One can’t rule out that management is preparing to settle with Ravgen. Ravgen accused about half a dozen gene testing companies of using its propriety tech in the NIPTs market. NTRA is one of these companies awaiting trial. Last month, Ravgen won a $273 million court order against Labcorp (LH). Last week, Quest (DGX) settled with Ravgen. Soon it will be NTRA’s turn, and given its leading position in the NIPTs market, it’s likely to be the biggest payer for Ravgen. Thus, I believe management might be raising capital, at least partly to protect its balance sheet once the verdict comes in – if, indeed, the judge rules in favor of Ravgen. As of September 2022, the liquid asset balance stood at $750 million, against the $400 million annual cash burn run rate, excluding the expected ramp-up in spending.

Summary

NTRA reported strong third-quarter results, posting double-digit revenue growth thanks to robust demand for its diagnostic tests, regulatory wins, and continued commercialization initiatives. Management revised the company’s full-year outlook upward, citing strong demand for its MRD molecular diagnostic test in the US.

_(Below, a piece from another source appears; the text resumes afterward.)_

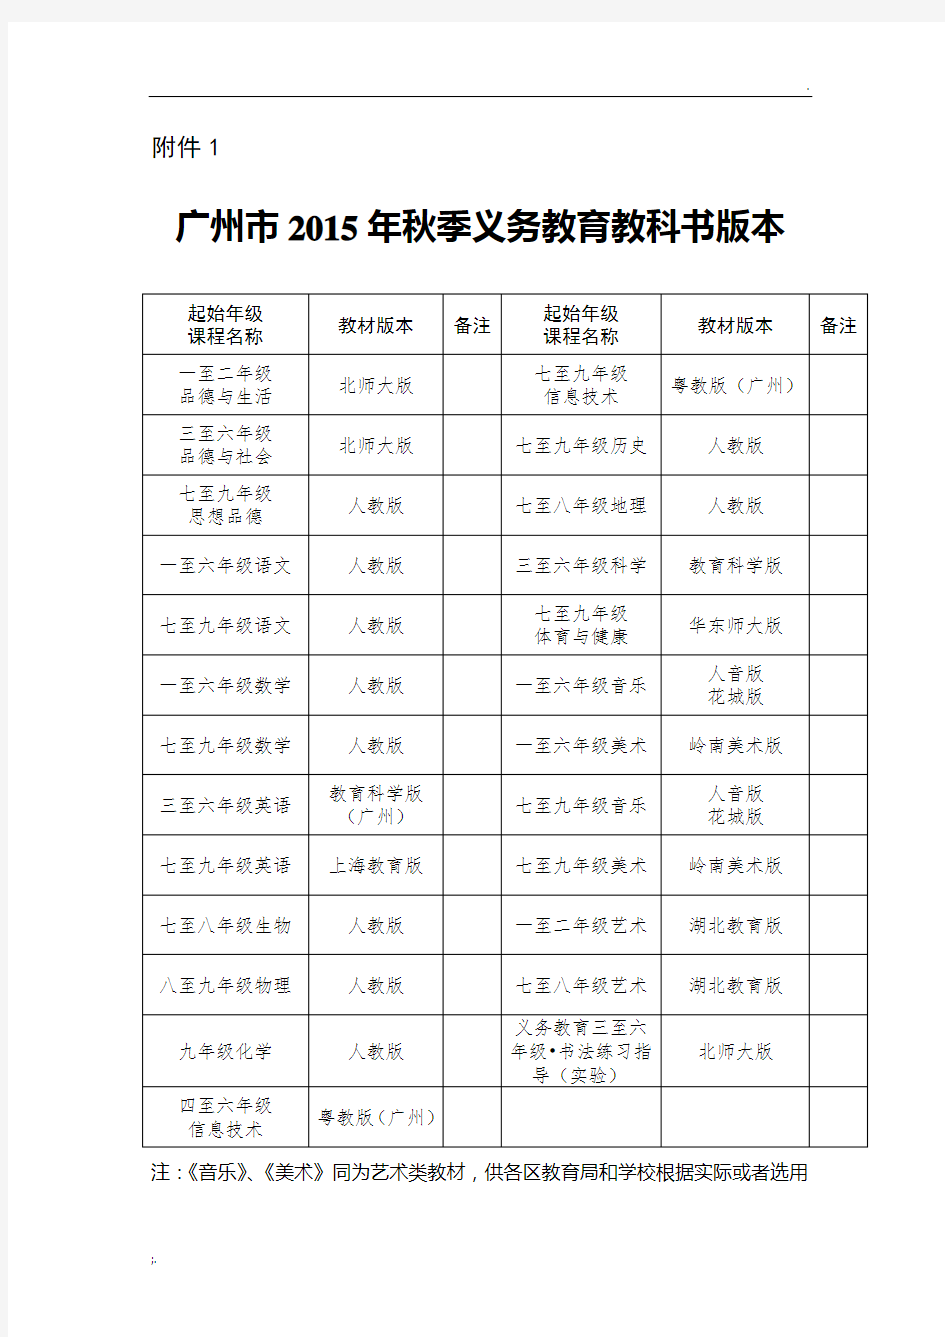 广州教材版本一览表
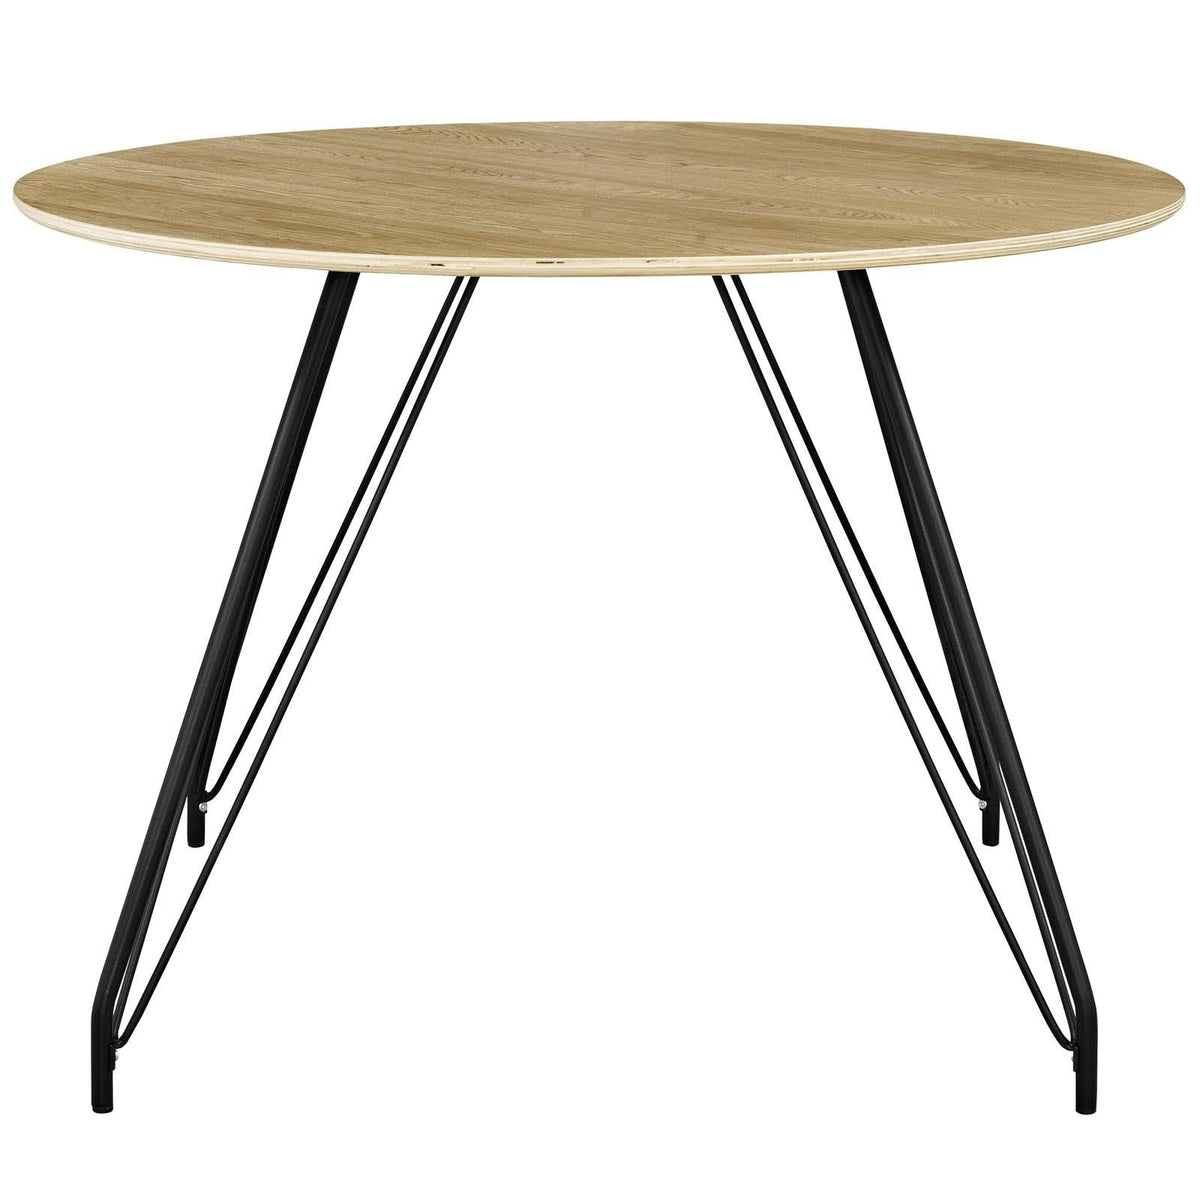 Modway Furniture Modern Satellite Circular Dining Table - EEI-2670

Shares declined to a multi-year high despite the fact that EPS and revenue beat as uncertainty looms over the extent of cash burn and subsequent dilution. The company expects higher cash burn as it focuses on growth projects which drive multiple opportunities; however, the short-term uncertainty has the potential to cause investors to reassess the investment case, as I did, downgrading the rating from Buy to Hold.